The Court observed that the question of whether the reference was valid involved many complicated factual issues and therefore the matter had to be fully investigated and tried initially by the Industrial Tribunal. The appellant then appealed to this Court. The principal contention raised in the appeal was that the appellant’s action constituted a closure rather than a lockout, and consequently no industrial dispute existed; on that basis the reference was held to be invalid and the Tribunal was deemed to lack jurisdiction to undertake the proposed enquiry. The appellant’s second contention concerned Issue No 1 in the reference, which dealt with the transfer of the appellant’s publication and business. It was argued that, on its face, the transfer was permissible because the appellant was entitled to make such a transfer and the respondents had no right to raise an industrial dispute in respect of it. The third contention submitted that the wording of Issue No 2 indicated that the Government had already determined the question raised by that issue, leaving nothing for the Tribunal to decide. The Court held that if the Industrial Tribunal proceeds to assume jurisdiction over a matter that is not an industrial dispute, that assumption may be successfully challenged before the High Court by a petition for an appropriate writ. The finding on the preliminary issue of whether a party’s action amounts to a lockout or a closure is a finding on a jurisdictional fact. Only when the action is found to be a lockout does the Tribunal acquire jurisdiction to consider the merits of the dispute. As a general rule it is not proper or appropriate to circumvent the initial jurisdiction of a special tribunal over jurisdictional facts by bringing the decision of such a preliminary issue directly before the High Court under its writ jurisdiction. In the present case, it would be idle to contend that Issue No 1, relating to the transfer of business, could not be the subject matter of an industrial dispute. Courts should interpret an order of reference fairly and reasonably rather than in a strictly technical or pedantic manner.

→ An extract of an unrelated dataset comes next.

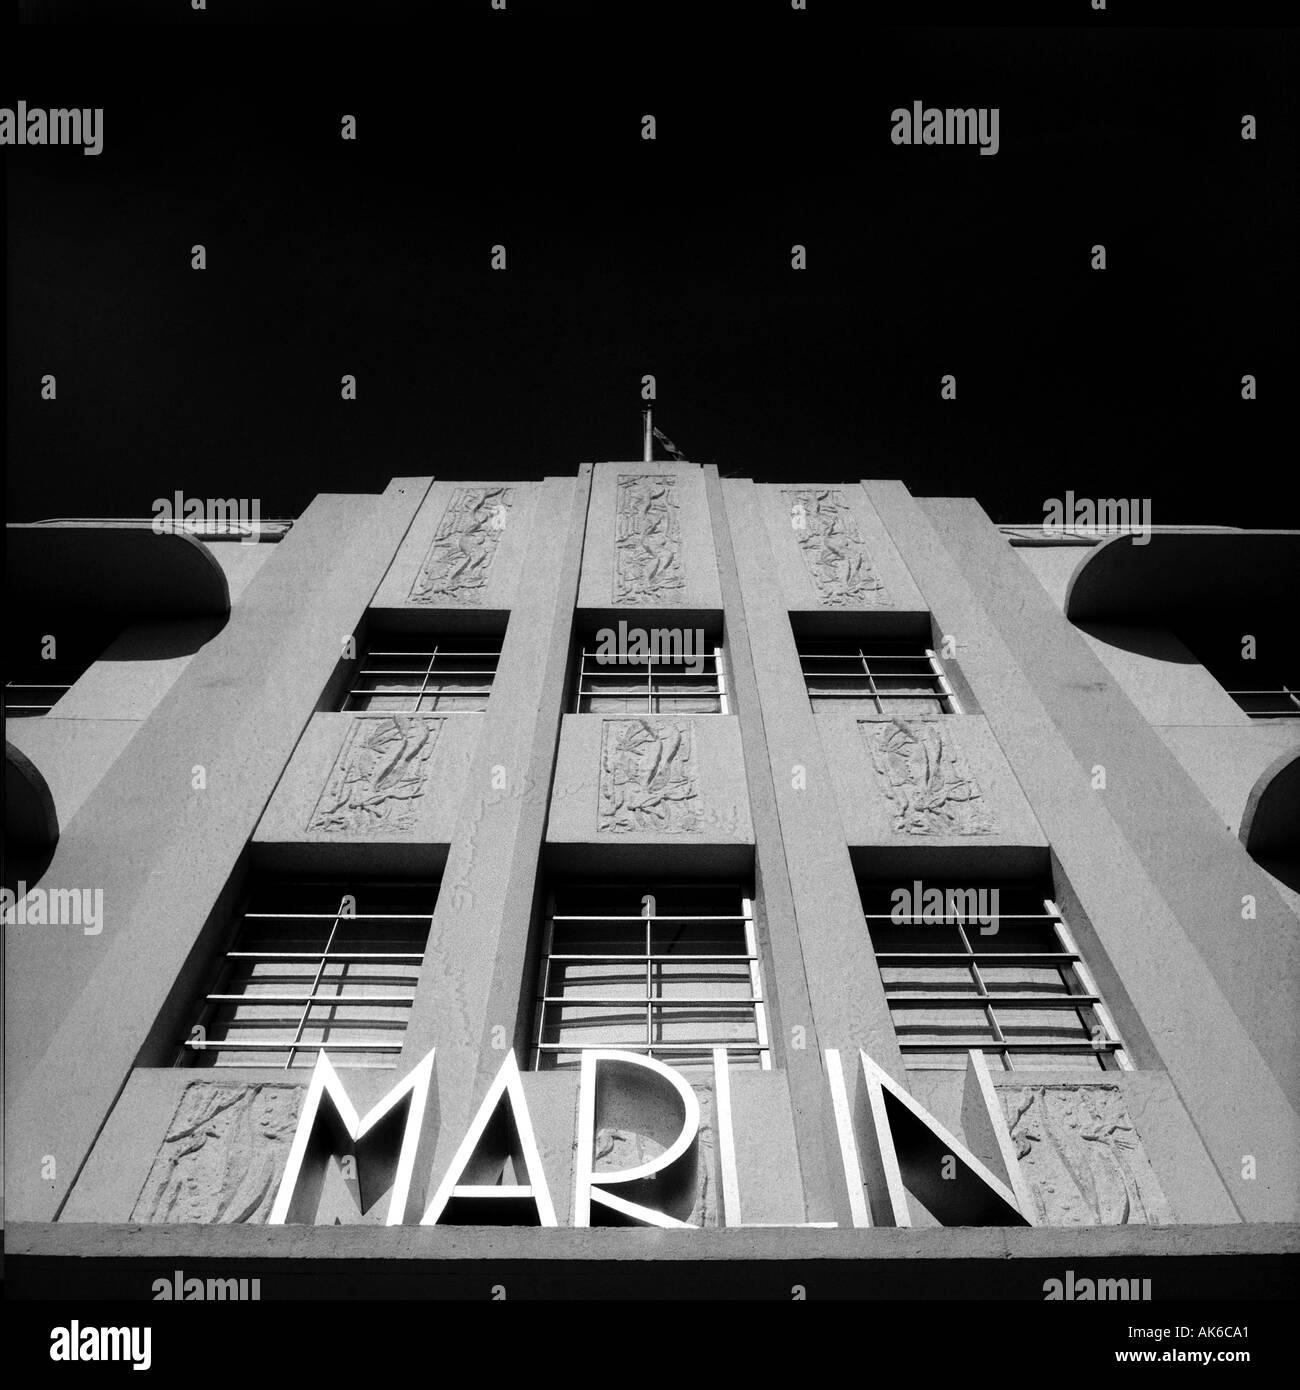 Fachada de la Marlin hotel en Miami Distrito Art Deco de South Beach Imagen De Stock
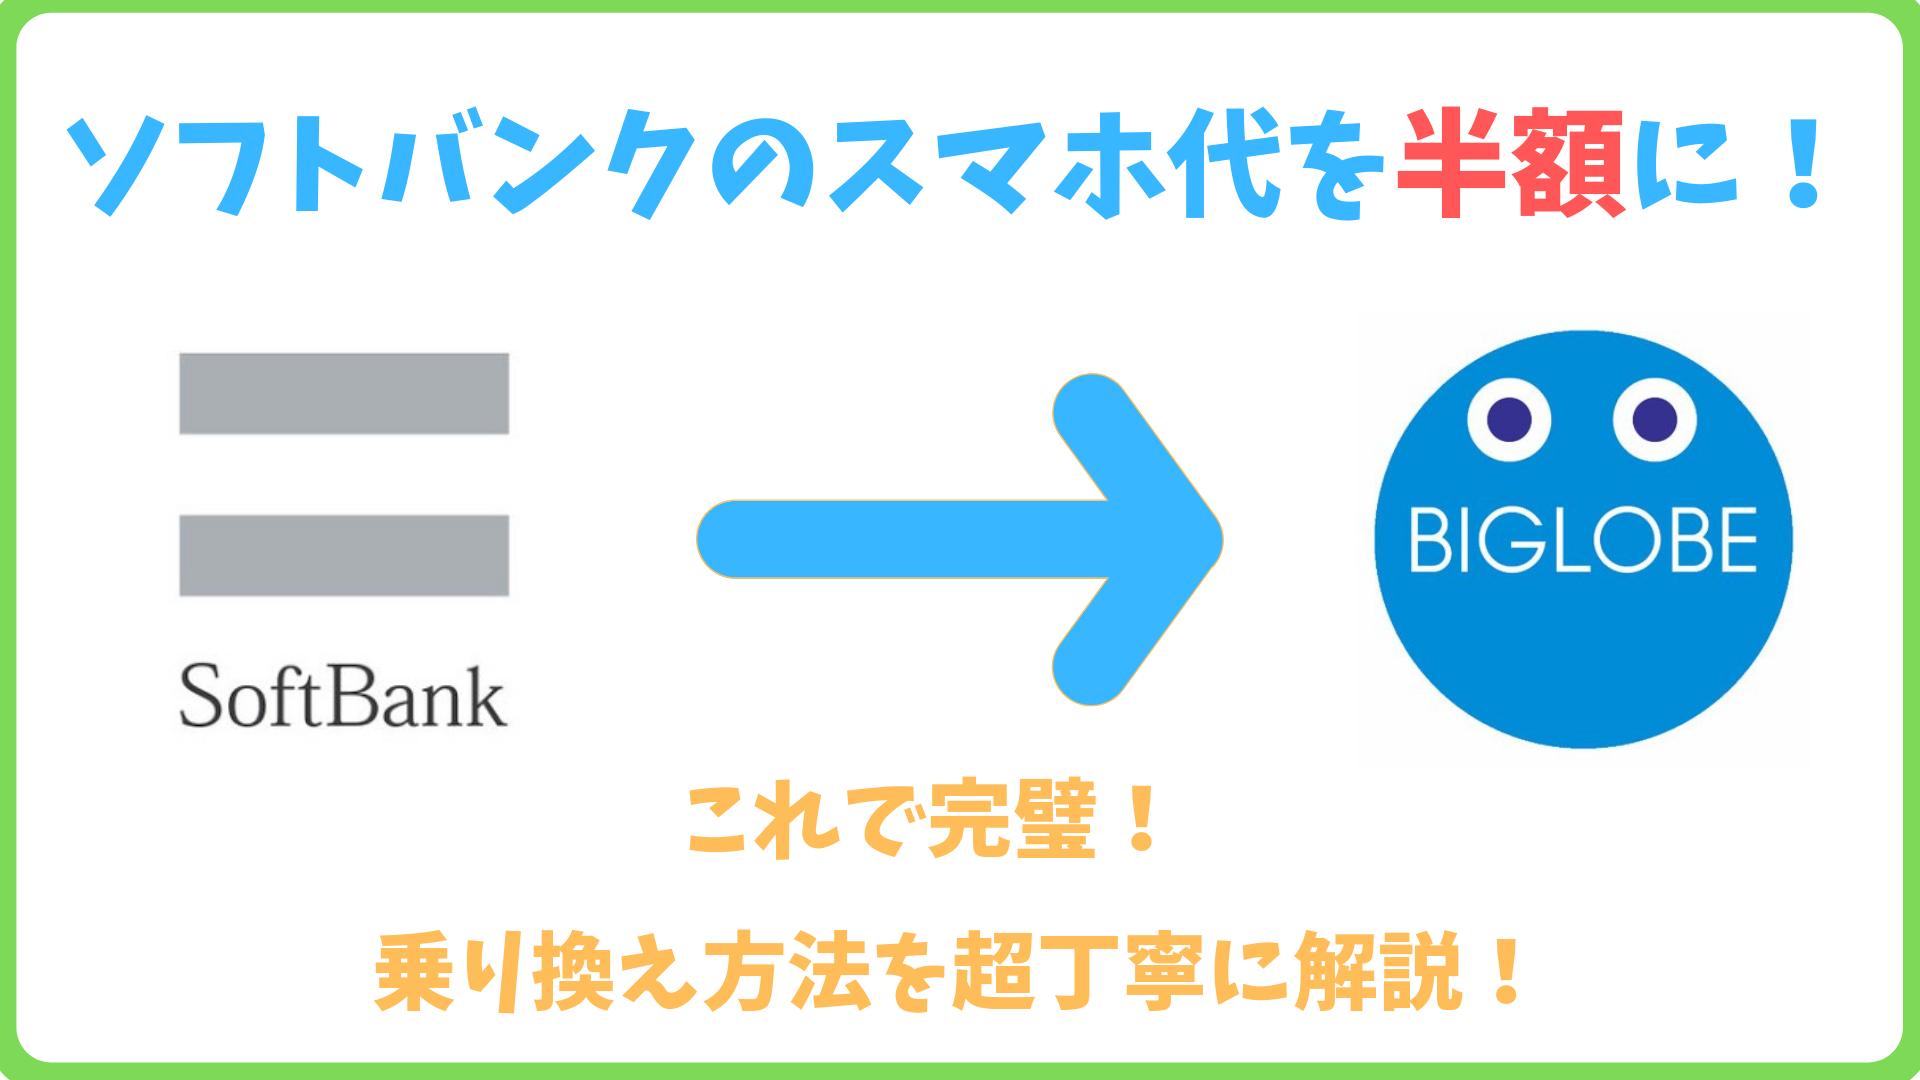 ソフトバンクからBIGLOBEモバイルへの乗り換え(MNP)方法

When construed in this way and having regard to the content of the dispute covered by Issue No 2, the wording of that issue does not exclude the Tribunal’s jurisdiction to decide whether the appellant’s action amounted to a closure.
The judgment was filed under civil appellate jurisdiction as Civil Appeals Nos. 574 and 575 of 1961, filed by special leave against the judgment and order dated 13 October 1959 of the Madras High Court in writ Appeals Nos. 73 and 85 of 1959. Counsel for the appellants were A. V. Viswanatha Sastri, R. Ganapathy Iyer and G. Gopalakrishnan. Counsel for respondents 1 and 2 were M. K. Ramamurthy, B. K. Garg and T. S. Vankataraman, while counsel for respondent 4 were A. Ranganathan Chetty and A. V. Rangam. The judgment was dated 2 August 1962 and delivered by Justice Gajendragadkar. The Court noted that on 30 April 1959 the Madras Government had referred the matter to the Industrial Tribunal, Madras.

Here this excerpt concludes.